Keruspe's blag


Various free software hacking stuff

Manage you critical configuration files with git

by Marc-Antoine Perennou on January 21, 2013

Tagged as: sysadmin, git.

A few months ago, I decided to track my configuration files using git, which I use for pretty much everything now.

The problem I had to face is that some of them contain passwords, so I couldn’t let them as is.

Setting up the test environment

keruspe@Lou ~/tmp % mkdir test.git && cd test.git && git init --bare && cd ..
Initialized empty Git repository in /home/keruspe/tmp/test.git/
keruspe@Lou ~/tmp % mkdir test && cd test && git init
Initialized empty Git repository in /home/keruspe/tmp/test/.git/
keruspe@Lou ~/tmp/test (git)-[master] % git remote add origin ../test.git 

Ok, we now have a remote repository in ~/tmp/test.git and a working directory in ~/tmp/test

Configuring the working directory to be “password-safe”

keruspe@Lou ~/tmp/test (git)-[master] % git config filter.password.clean "sed -e 's/mypassword/@PASSWORD@/' -e 's/anotherpassword/@PASSWORD2@/'"
keruspe@Lou ~/tmp/test (git)-[master] % git config filter.password.smudge "sed -e 's/@PASSWORD@/mypassword/' -e 's/@PASSWORD2@/anotherpassword/'"
keruspe@Lou ~/tmp/test (git)-[master] % cat > .git/info/attributes << EOF
myconf.conf filter=password

Ok, what’s going on there?

I’m creating a filter which I call “password”. A filter consist of two functions:

* clean is called on each file when you're committing, before creating the git objects corresponding to your commit.
* smudge is called when you checkout, each time git is recreating your working directory from the git objects.

You can note that this is not an in-place edition with sed, since I did not add the -i argument, these commands are called during a piping process, not directly on files.

I then create a .git/info/attributes file, in which I tell git to use my brand new “filter” password for the file myconf.conf. You can use any pattern that git understands here, and can obviously add multiple lines.


Let’s now create the myconf.conf file we mentioned earlier, let’s push it to the remote repository, and clone it from anywhere else, to see the result.
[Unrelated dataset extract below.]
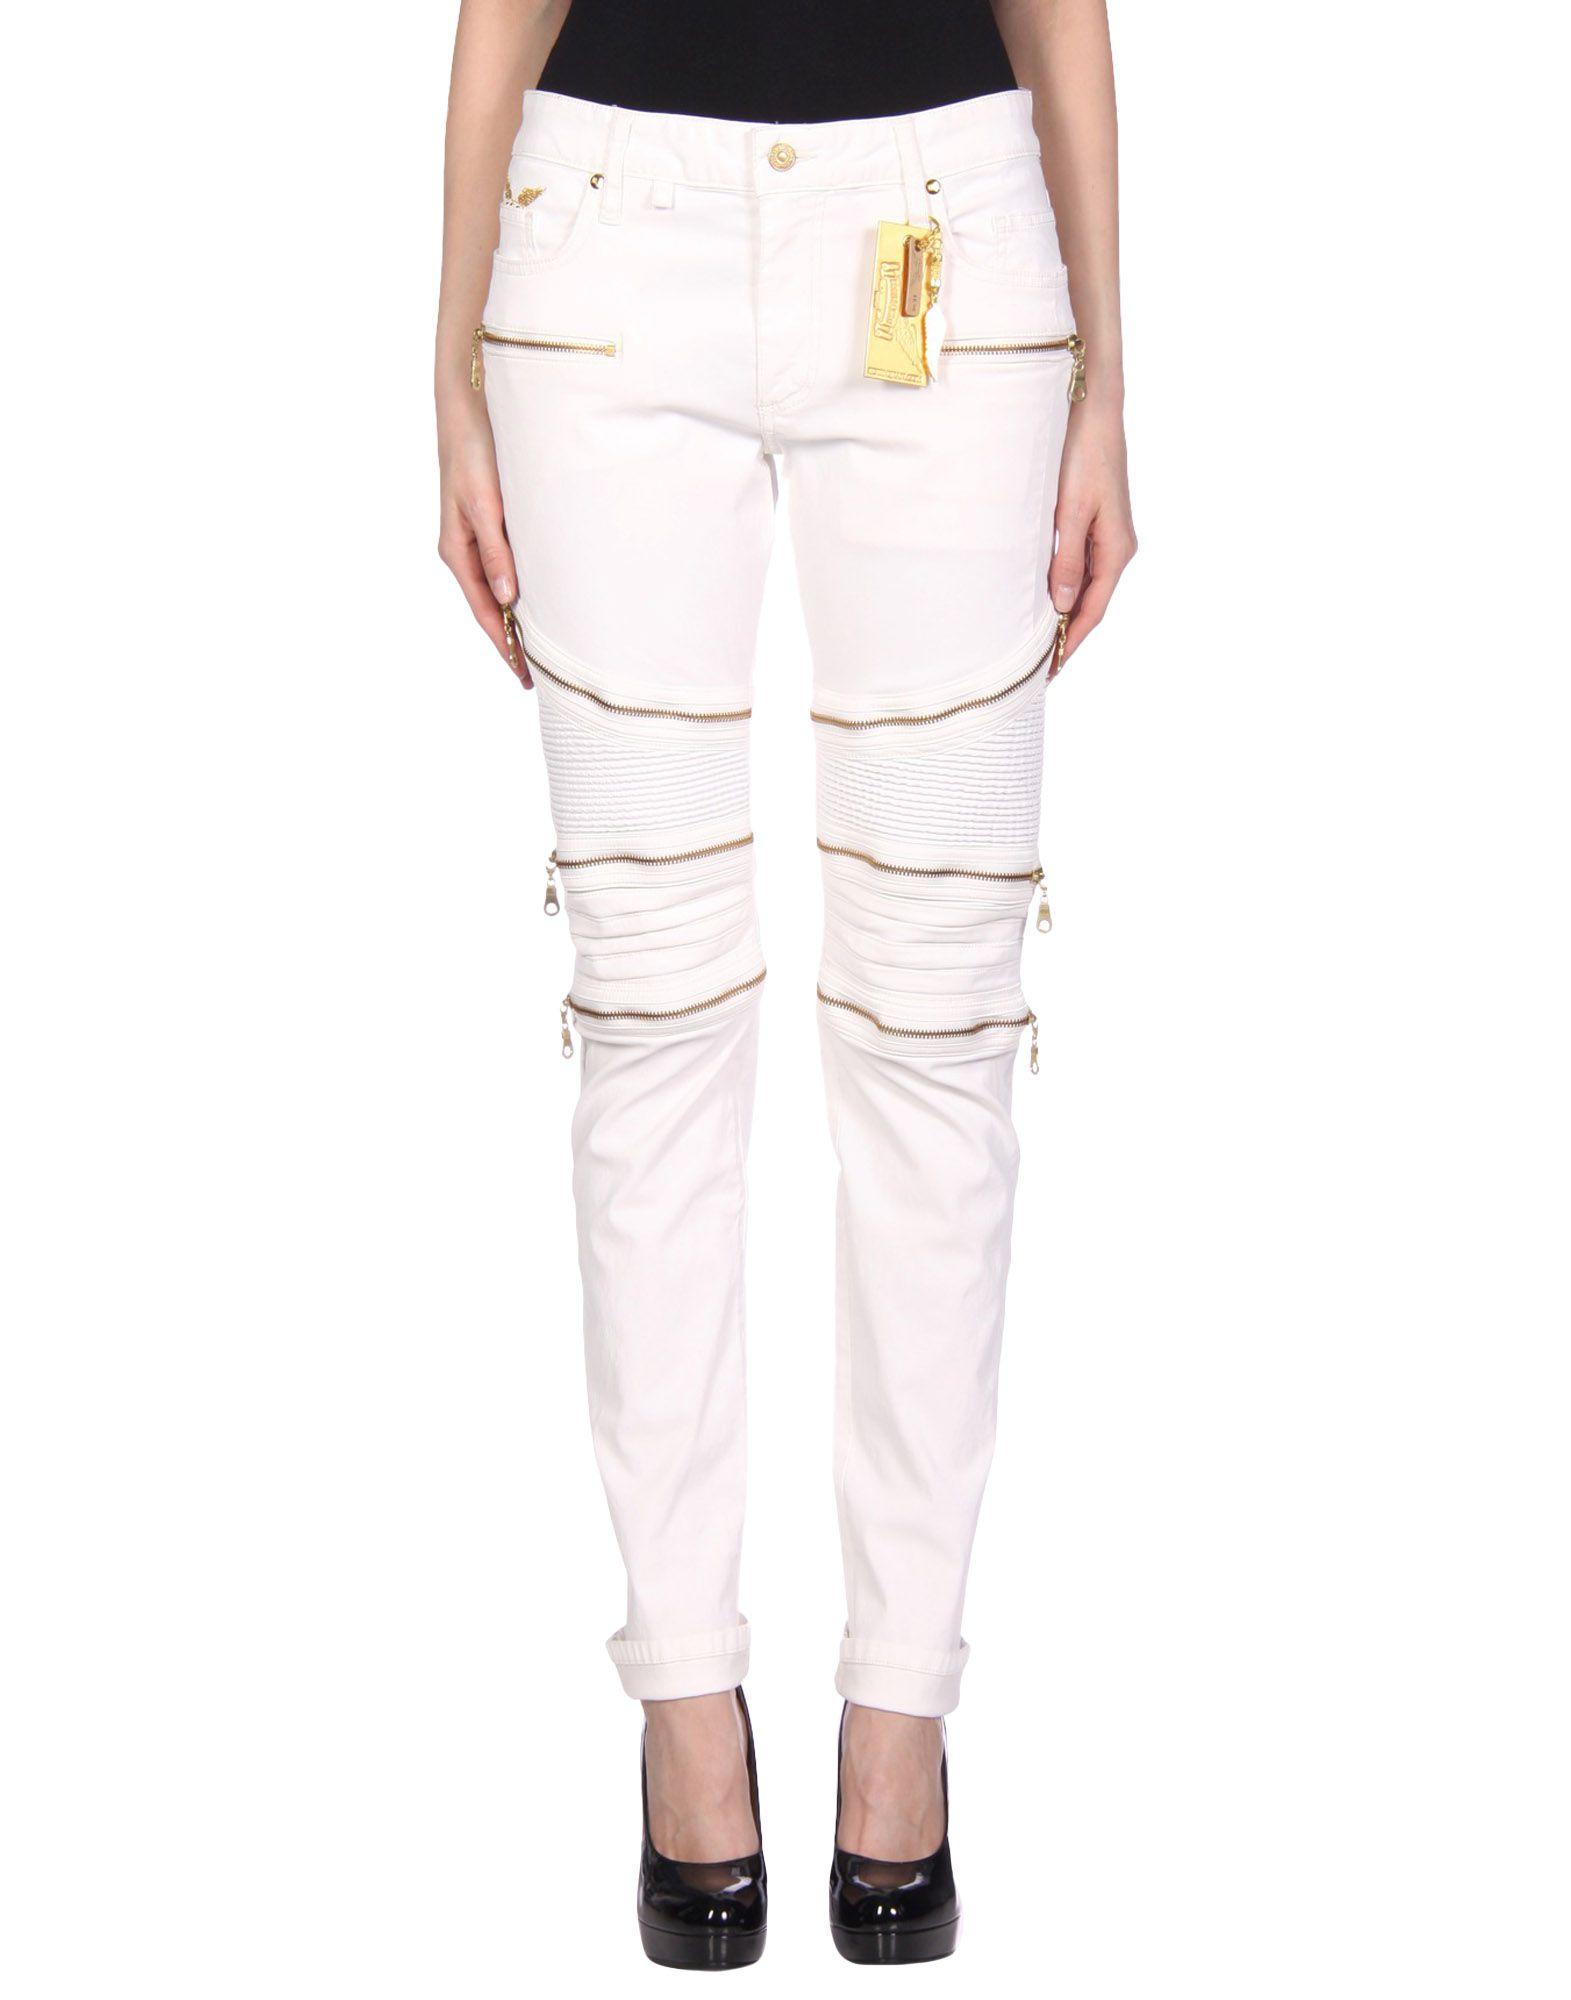 ROBIN'S JEAN Casual Pants in White

keruspe@Lou ~/tmp/test (git)-[master] % cat > myconf.conf << EOF
user = johndoe
password = mypassword
bddurl = root:anotherpassword@mysql.local
keruspe@Lou ~/tmp/test (git)-[master] % git add myconf.conf && git commit -m "initial config" && git push origin master
[master (root-commit) 46153a1] initial config
 1 file changed, 3 insertions(+)
 create mode 100644 myconf.conf
Counting objects: 3, done.
Delta compression using up to 8 threads.
Compressing objects: 100% (2/2), done.
Writing objects: 100% (3/3), 283 bytes, done.
Total 3 (delta 0), reused 0 (delta 0)
To ../test.git
 * [new branch]      master -> master
keruspe@Lou ~/tmp/test (git)-[master] % cd ..
keruspe@Lou ~/tmp % git clone test.git test2
Cloning into 'test2'...
keruspe@Lou ~/tmp % cat test/myconf.conf
user = johndoe
password = mypassword
bddurl = root:anotherpassword@mysql.local
keruspe@Lou ~/tmp % cat test2/myconf.conf
user = johndoe
password = @PASSWORD@
bddurl = root:@PASSWORD2@@mysql.local

As you can see, in my ~/tmp/test working directory, where I have my filter set up, nothing has changed at all, whereas in the brand new clone ~/tmp/test2 (and thus, in the server), all my passwords are masked and are not accessible. This way, you can track your configuration files using git and sharing it with other without even thinking of your passwords, as long as everything is in your filter.